Housing’s recovery begins with a single step but the forward movement has been hesitant. The overall trend appears to be upward bound but that does not mean that it has been or will be a steady growth. Single-family permits, the earliest signal of housing’s health, hesitated early in the year but returned to a steady albeit slow increase since. New-home sales have ratcheted up and down since the beginning of 2009 although the trend has been upward. Existing-home sales have bounced around the low 3 million mark on an annual basis for more than three quarters.
A hesitant housing recovery as that described above is not a typical housing recovery. Single-family housing starts usually bottom about two quarters before the end of a recession. As the recession ends, single-family starts average monthly growth rates between 5 percent and 8 percent. The soft upturn in single-family starts that began in January has not produced the kind of growth typical of an early recovery, and the NAHB forecast for 2010 does not envision the strong performance usually experienced in a “normal” housing recovery.

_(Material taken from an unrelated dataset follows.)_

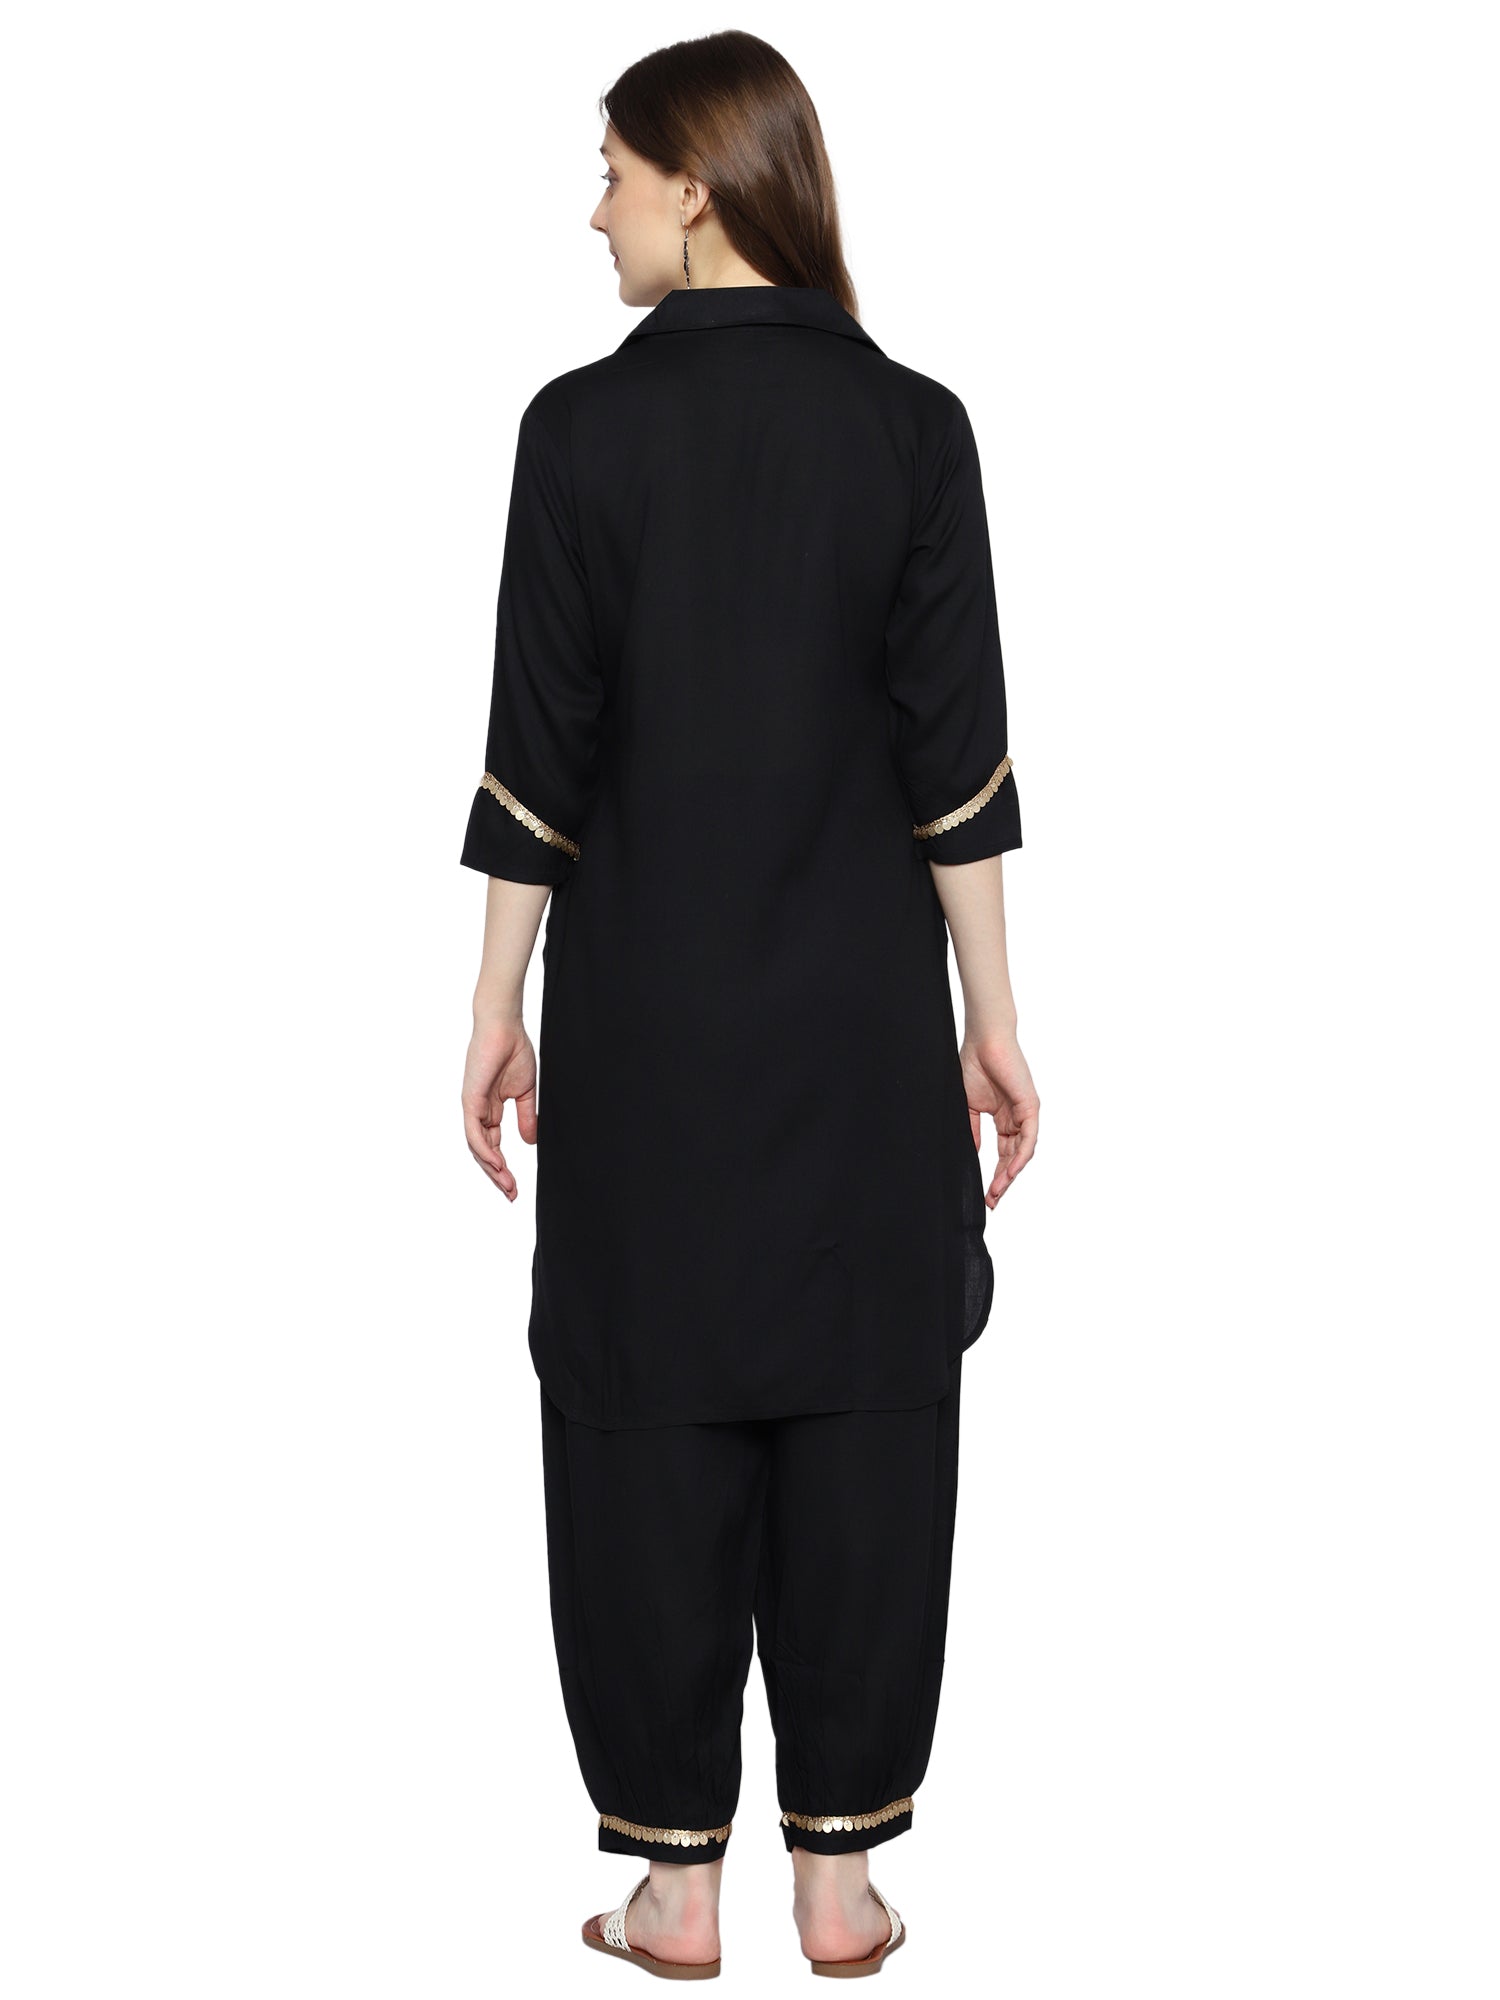 Plus Size Black Rayon Co-ord Set with Coller  and Pockets

The reasons for a slower-than-normal housing recovery occupy headlines and comply with basic economics—too much supply and not enough demand. The number of homes on the market is significantly larger than the demand, and that number is expected to expand as foreclosures grow.
The Census Bureau reports over two million vacant homes for sale, which includes newly built homes, and the National Association of Realtors reports almost 4 million existing homes for sale, which includes most of the vacant homes. There are less than 150,000 newly built and completed homes for sale, so the vast majority of the excess lies in the existing-home inventory.
Job losses will aggravate the over-supply of for-sale homes as laid-off workers cannot meet their mortgage payments and cannot sell their homes at a price that will allow them to pay off the mortgage. For the near term, unemployment is a much bigger foreclosure driver than interest rate resets or inappropriate mortgage instruments. Since job losses typically continue beyond a recovery in output, and foreclosures extend beyond that, the supply of foreclosed homes will continue to feed the excess into mid-2010. The excess need not be run down before new homes can be sold, but the overload will continue to put downward pressure on prices.
Under normal conditions, an inventory of fewer than 300,000 newly built homes for sale would be quite comfortable. However, the current selling pace is so much lower that it would take eight to 10 months to sell the inventory at current demand rather than a more comfortable four to six months.
Consumer attitudes have improved as measured by the Michigan Consumer Sentiment and the Conference Board Consumer Confidence Indexes. But both measures have taken a step back in previous months and the attitudes toward buying a home have also seesawed since the beginning of 2009. The overall consumer attitude measures as well as the outlook for a home purchase are more positive now than at the beginning of the year. The NAHB-Wells Fargo Housing Market Index of builder sentiment has also shown improvement since March although not without a one-point dip in June.
Unfortunately, uncertainty breeds uncertainty so potential home buyers remain on the sidelines as the unsold inventory head winds persist. From a very low base of home buying, very small changes in consumer attitudes and underlying economic drivers swing demand back and forth. As house prices stabilize and employment losses slow and turn positive, buyers will gain more enthusiasm for buying a home. Low mortgage rates, the first-time home buyer tax credit, and low home prices have made buying a home very affordable. The recovery will persist, but it will be a bumpy one.